**Exercise goal**
Nothing in the data should change when you return it, but leave the pictures out.

**Provided material**
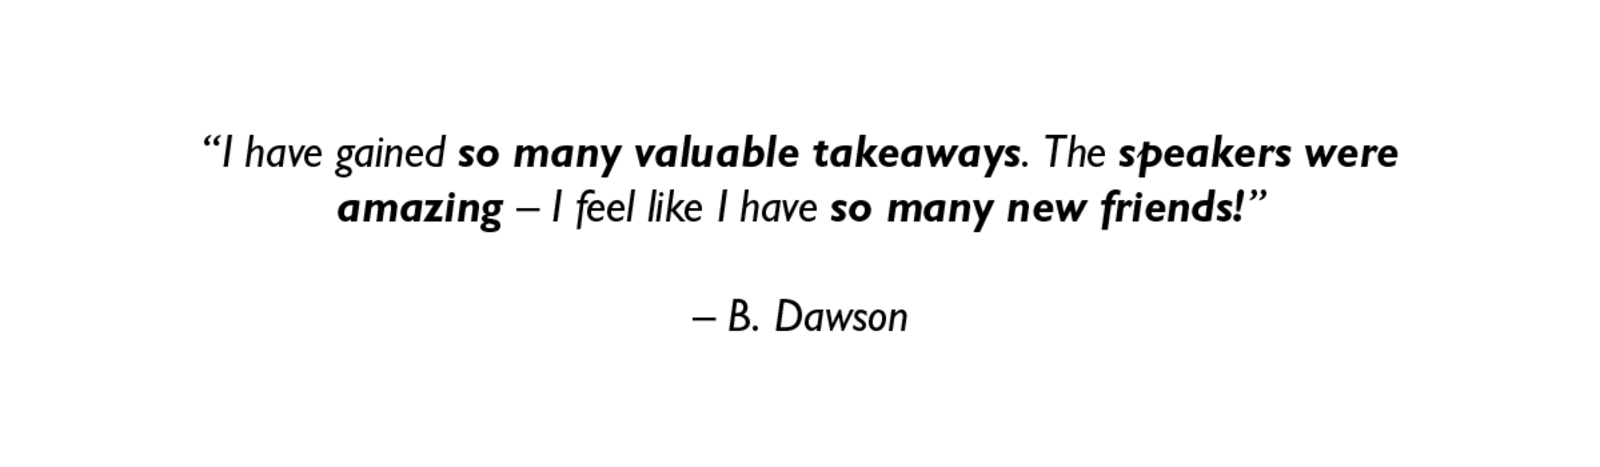 "I have gained so many valuable takeaways. The speakers were amazing - I feel like I have so many new friends!" - B. Dawson
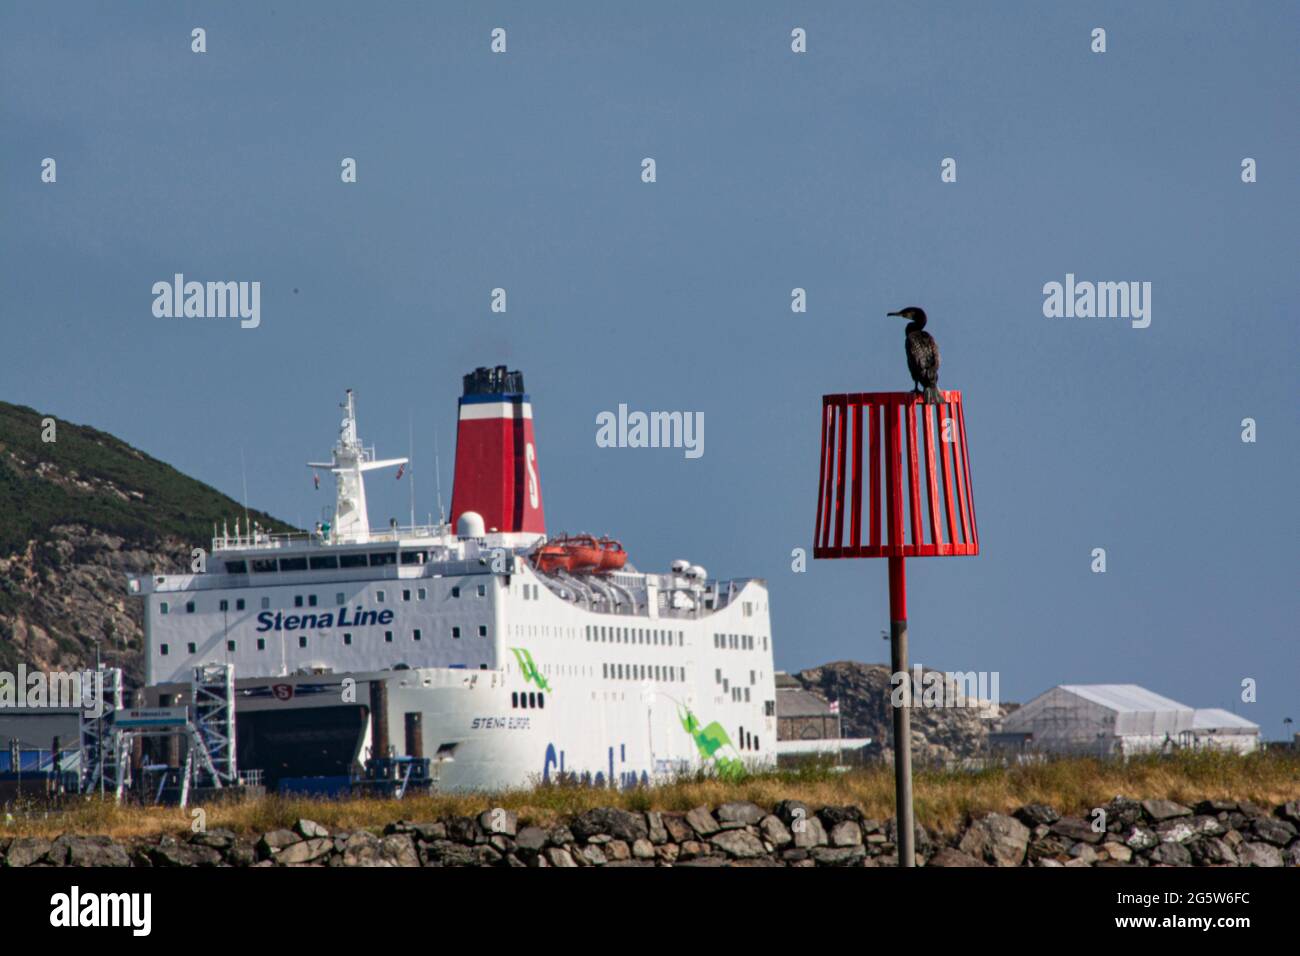 Fishguard, Pembrokeshire,  Stena line  back working  after  after the ferry Stena  Erope wich travels from Fishguard to Rosslare  had  been away  for  majoor  reapirs  for  many  weeks  leaving  the  port  empty . Credit: Debra Angel/Alamy Live News Stock Photo
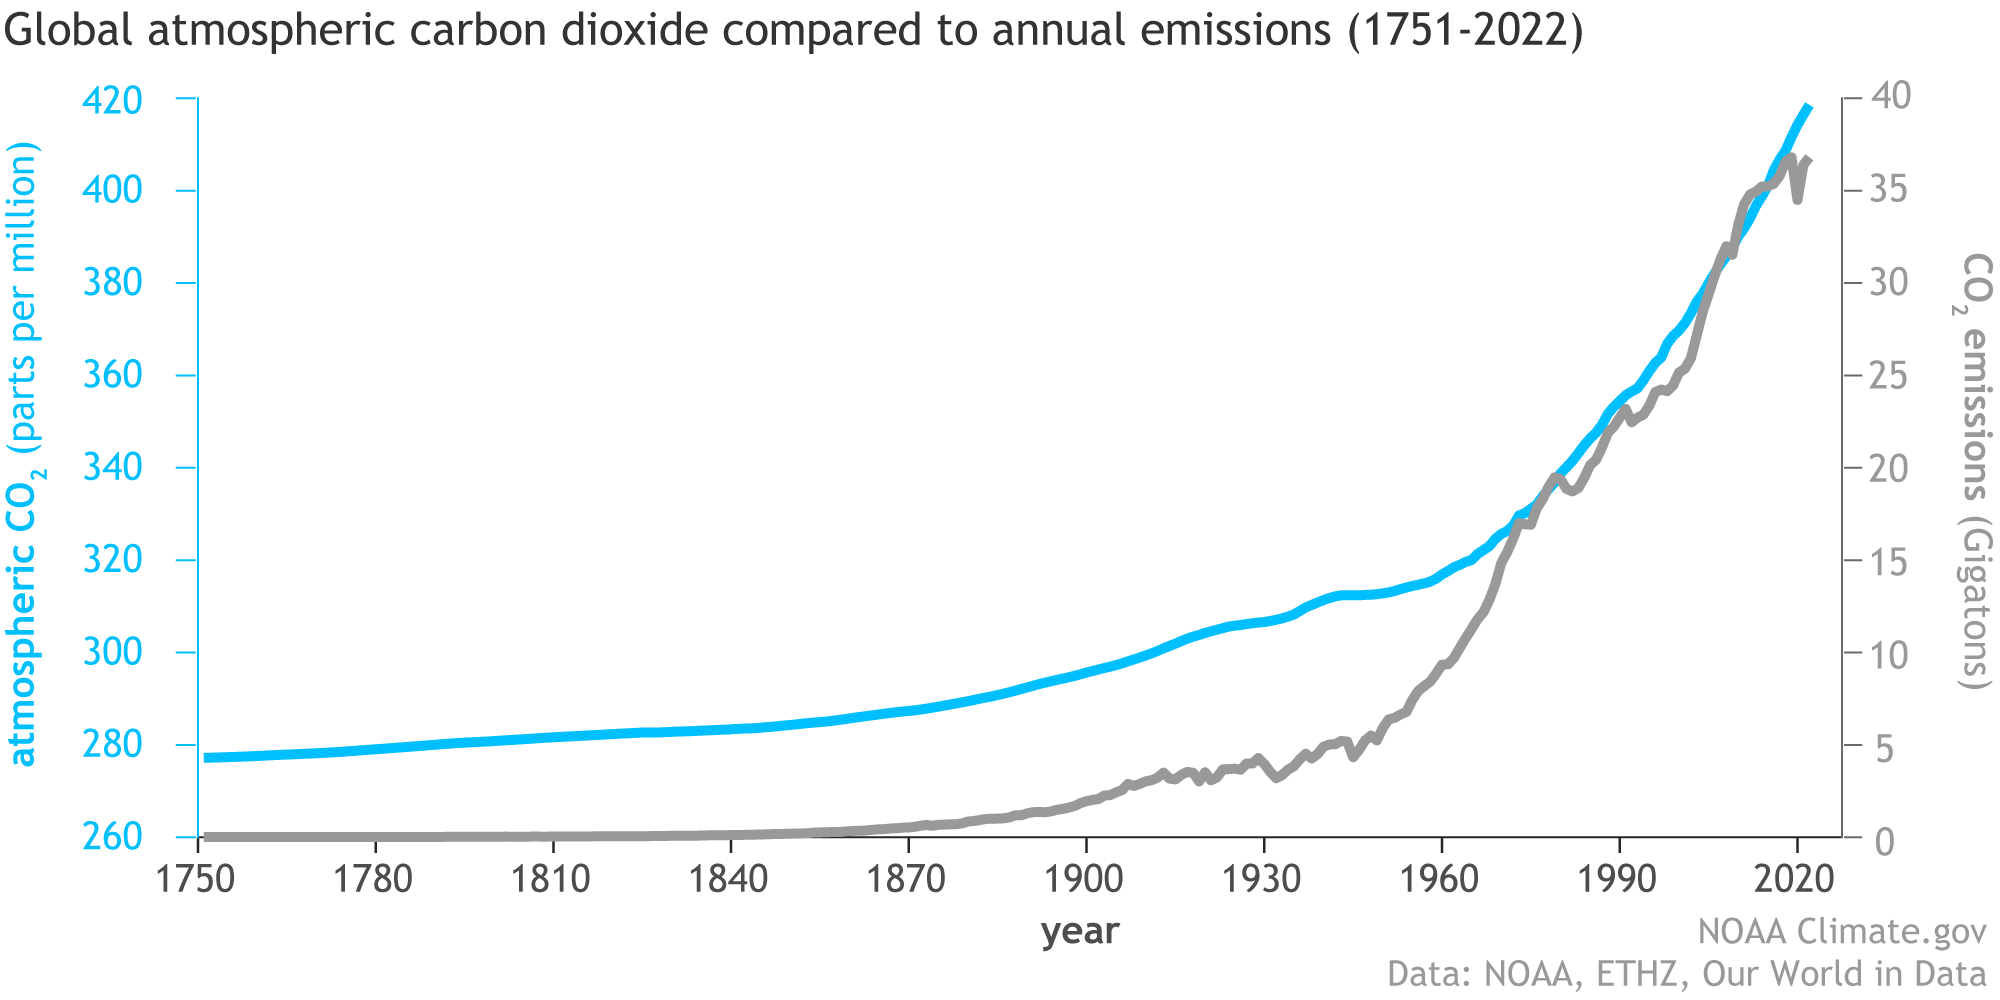 Chart showing global atmospheric carbon dioxide compared to annual emissions 1751-2022

**Written answer**
 "I have gained so many valuable takeaways. The speakers were amazing - I feel like I have so many new friends!" - B. Dawson
 Fishguard, Pembrokeshire,  Stena line  back working  after  after the ferry Stena  Erope wich travels from Fishguard to Rosslare  had  been away  for  majoor  reapirs  for  many  weeks  leaving  the  port  empty . Credit: Debra Angel/Alamy Live News Stock Photo
 Chart showing global atmospheric carbon dioxide compared to annual emissions 1751-2022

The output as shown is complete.